Here is my code so far
def scrape_pages(headers, product, num_of_pages):
product_links = []
for page in range(1, num_of_pages+1):
url = f'https://www.amazon.com/s?k={product}&page={page}&ref=nb_sb_noss'
print(url)
response = requests.get(url, headers=headers)
soup = BeautifulSoup(response.content, features="lxml")
data = soup.findAll('h2', attrs={'class':'a-size-mini'})
for i in data:
links = i.findAll('a')
for a in links:
product_links.append(f"https://www.amazon.com{a['href']}")
print('TOTAL NUMBER OF PRODUCTS LINKS SCRAPPED: ', len(product_links))
return product_links
In the above code, I am trying to scrape links inside all h2
tags in a page. I am using user-agent to make the scraping possible.
My problem is this code does not run all the time. Some times it scrapes some of the links and some times it does not scrape any links.

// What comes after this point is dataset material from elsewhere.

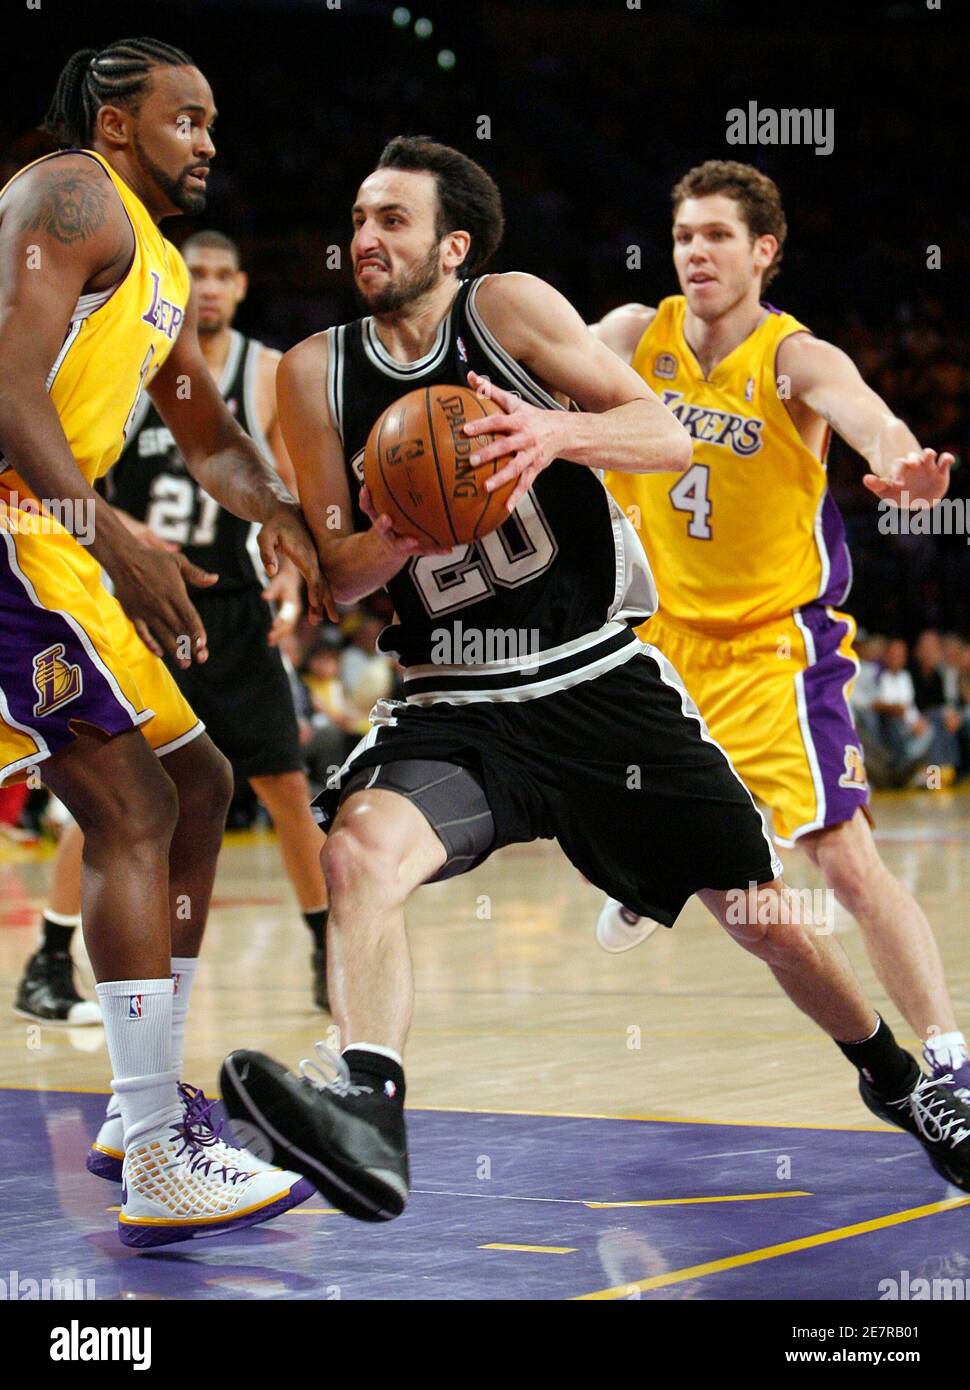 San Antonio Spurs Manu Ginobili (C) drives to the basket past Los Angeles Lakers Luke Walton (R) and Ronny Turiaf (L) during Game 5 of their NBA Western Conference final basketball playoff series in Los Angeles, May 29, 2008.     REUTERS/Gus Ruelas (UNITED STATES) Stock Photo

Each page in amazon has around 48 products listed. If I were to scrape 5 pages then the product_links
list should hold somewhere around 240 links in it. but I have done multiple tests and it is always less than 200 and sometimes it is 0.
I want to know what I am doing wrong
FYI this is the user-agent I am using
{'User-Agent': 'Mozilla/5.0 (Windows NT 10.0; Win64; x64) AppleWebKit/537.36 (KHTML, like Gecko) Chrome/81.0.4044.138 Safari/537.36'}
Upvotes: 0
Views: 84
Reputation: 392
I had same problem with before. You can use selenium with BeautifulSoup.
scroll the page up to end using selenium and after that you can use BeautifulSoup part to get whole source of the page. I tried it with google play. I can get the data as I expected.
Upvotes: 1
Reputation: 168
I am not sure about this but as many online retailers, such as Amazon put anti-bot software throughout the websites which might stop your crawler. These retailers will shut down any requests from Beautiful Soup as it knows that it does not come from legitimate browsers. You can use Selenium instead. Or put some constraints in your code such as
time.sleep(1)
to pause your code for a second so that you are not spamming the website with requests.
Upvotes: 3